From your yaml file I can also see that compute_with_cache: true is a new parameter.
anomalib: main branch
pytorch-lightning==2.2.0.post0
torch==2.1.2+cu118
torchaudio==2.2.1+cu118
torchmetrics==0.10.3
torchvision==0.16.2+cu118
from anomalib.engine import Engine
if __name__ == "__main__":
mlflow_configuration = {
"trainer": {
"logger": {
"class_path": "anomalib.loggers.mlflow.AnomalibMLFlowLogger",
"init_args": {
"experiment_name": "test_experiment",
"run_name": "test_run",
"log_model": True,
},
},
},
}
engine, model, datamodule = Engine.from_config("./nbs/bug_2209.yaml", **mlflow_configuration)
engine.fit(model, datamodule)
YAML
# anomalib==1.2.0dev
model:
class_path: anomalib.models.EfficientAd
init_args:
imagenet_dir: datasets/imagenette
teacher_out_channels: 384
model_size: S
lr: 0.0001
weight_decay: 0.00001
padding: false
pad_maps: true
metrics:
image:
- AUROC
- AUPR
pixel: null
threshold:
class_path: anomalib.metrics.F1AdaptiveThreshold
init_args:
default_value: 0.5
thresholds: null
ignore_index: null
validate_args: true
compute_on_cpu: false
dist_sync_on_step: false
sync_on_compute: true
logging:
log_graph: true
trainer:
accelerator: auto
strategy: auto
devices: 1
num_nodes: 1
precision: 32
fast_dev_run: false
max_epochs: 2
min_epochs: null
max_steps: 70000
min_steps: null
max_time: null
limit_train_batches: 1.0
limit_val_batches: 1.0
limit_test_batches: 1.0
limit_predict_batches: 1.0
overfit_batches: 0.0
val_check_interval: 1.0
check_val_every_n_epoch: 1
num_sanity_val_steps: 0
log_every_n_steps: 50
enable_checkpointing: true
enable_progress_bar: true
enable_model_summary: true
accumulate_grad_batches: 1
gradient_clip_val: 0
gradient_clip_algorithm: norm
deterministic: false
benchmark: null
inference_mode: true
use_distributed_sampler: true
profiler: null
detect_anomaly: false
barebones: false
plugins: null
sync_batchnorm: false
reload_dataloaders_every_n_epochs: 0
normalization:
normalization_method: min_max
task: segmentation
default_root_dir: results
data:
class_path: anomalib.data.MVTec
init_args:
root: datasets/MVTec
category: bottle
train_batch_size: 1
eval_batch_size: 1
num_workers: 8
image_size: null
transform: null
train_transform: null
eval_transform: null
test_split_mode: FROM_DIR
test_split_ratio: 0.2
val_split_mode: SAME_AS_TEST
val_split_ratio: 0.5
seed: null
@ashwinvaidya17 the code you provided also works for me. I could check that the problem comes when I put a tracking_uri in the mlflow_configuration. Maybe it is a mlflow problem? Is it possible for you to check that you get the error if you put a tracking_uri inside the mlflow_configuration?

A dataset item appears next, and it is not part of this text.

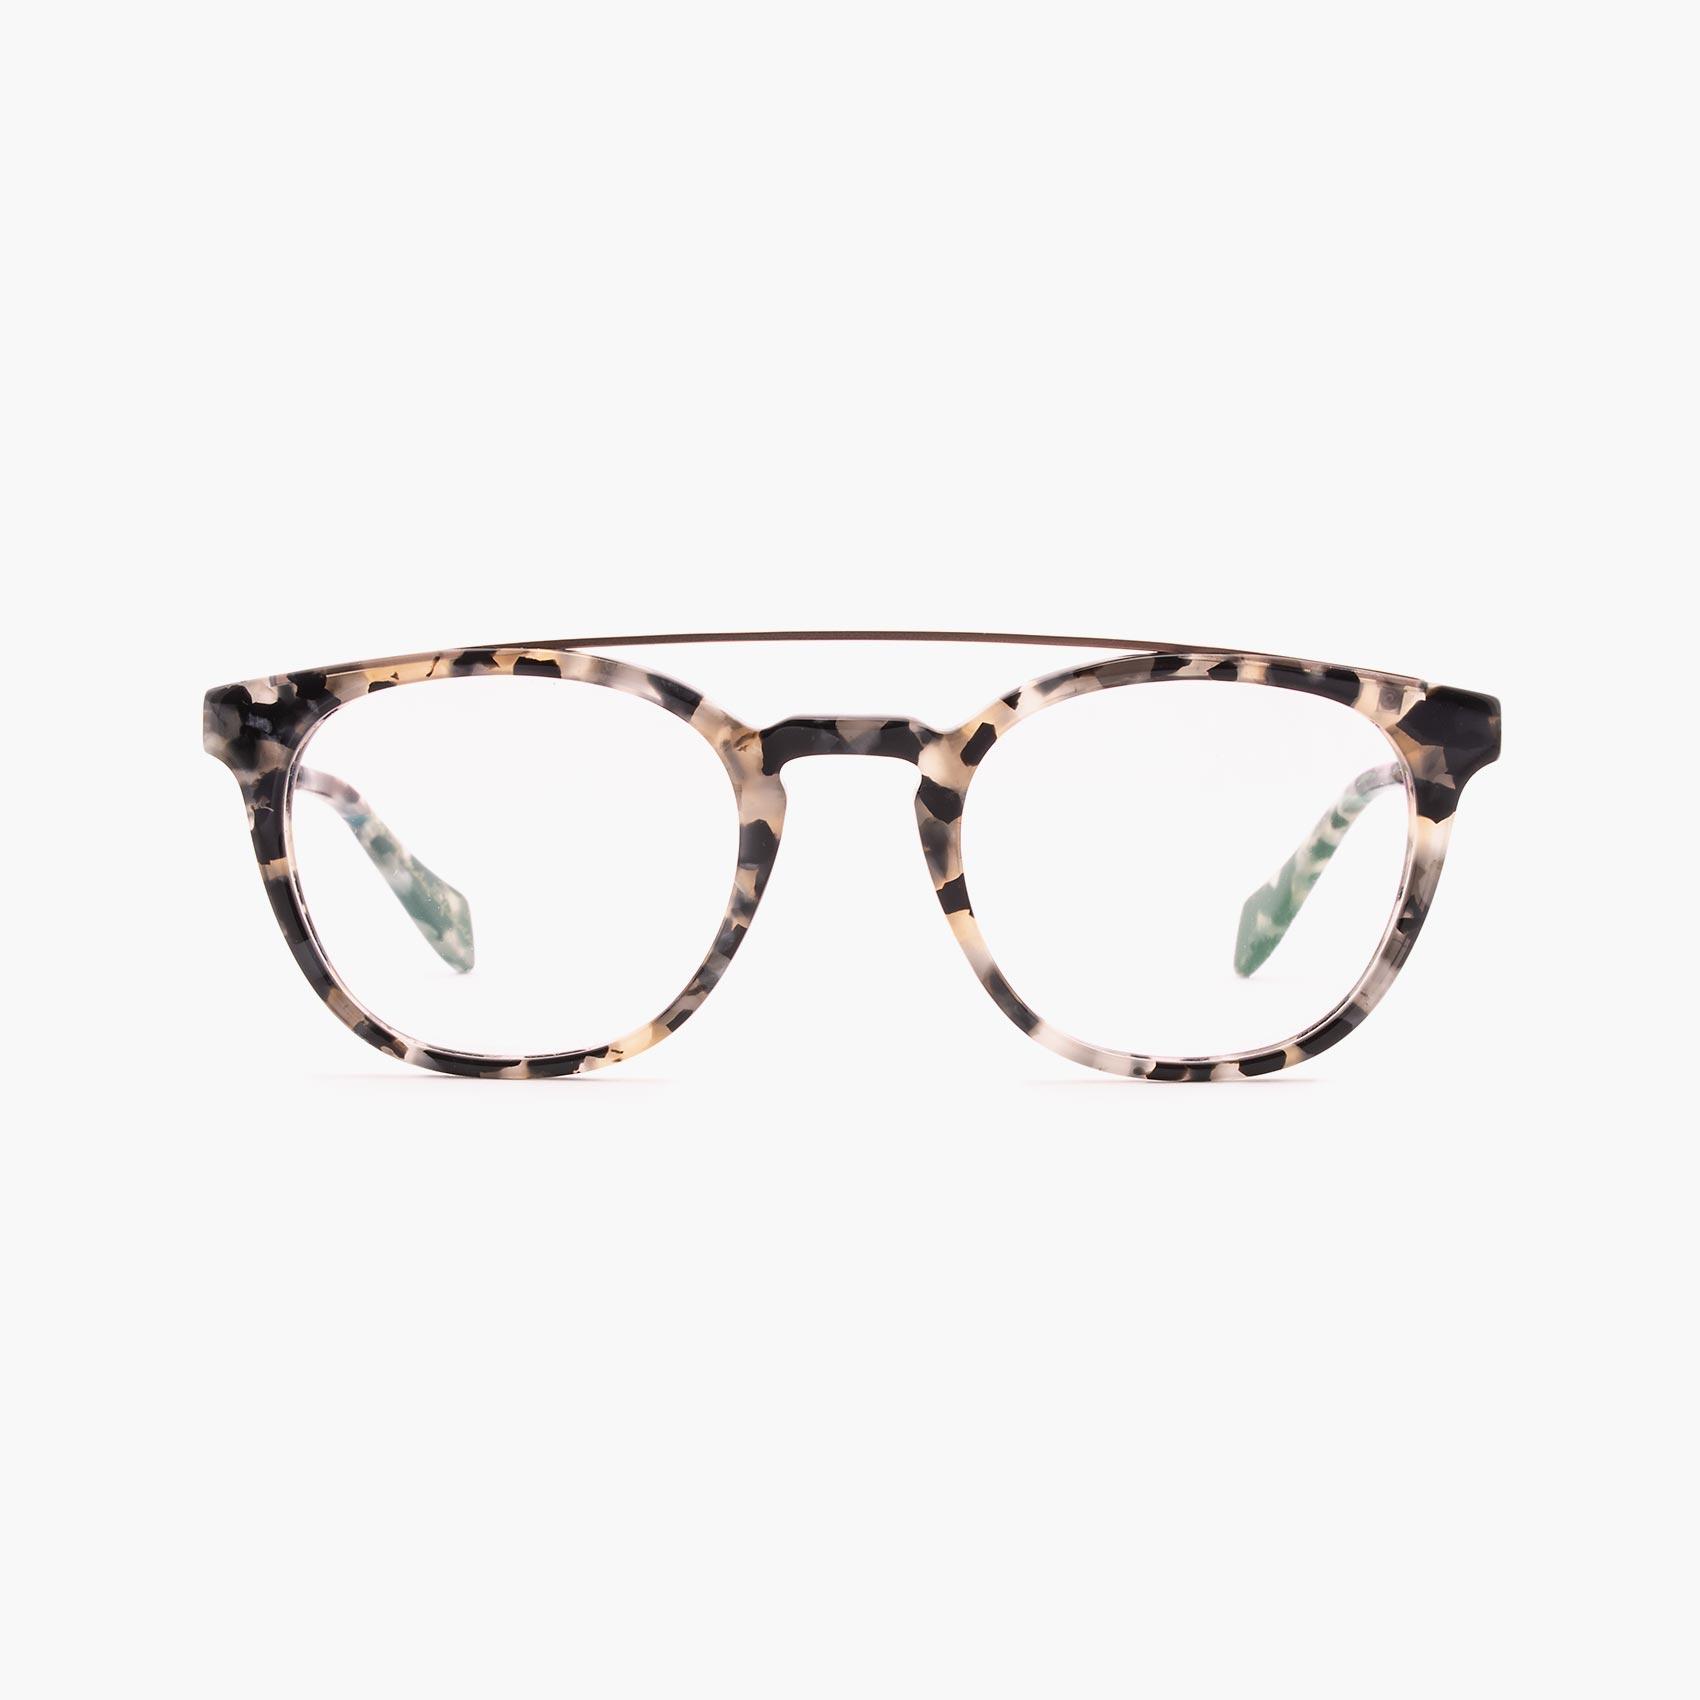 Proud eyewear Hilary C2 F gafas de acetato mujer puente doble

Hello! I have the same problem when I am trying to use an mlflow server. I used the code provided by @ashwinvaidya17 adding tracking_uri to the arguments.
@lilruwu It's issue with Lightning CLI, you can check this thread for more information -> #16310
Everything works fine until you don't specify tracking_uri argument for MLFlowLogger.
For now you can just add TensorBoard logger with some 'save_dir' to your config like this:
trainer:
logger:
- class_path: anomalib.loggers.AnomalibTensorBoardLogger
init_args:
save_dir: "tb_logs"
- class_path: anomalib.loggers.AnomalibMLFlowLogger
init_args:
experiment_name: "SuperSecretExperiment"
tracking_uri: "http://tracking_uri:8080"
This fixed it for me.
This issue has been automatically marked as stale because it has not had recent activity. It will be closed if no further activity occurs. Thank you for your contributions.
This issue was closed because it has been stalled for 14 days with no activity.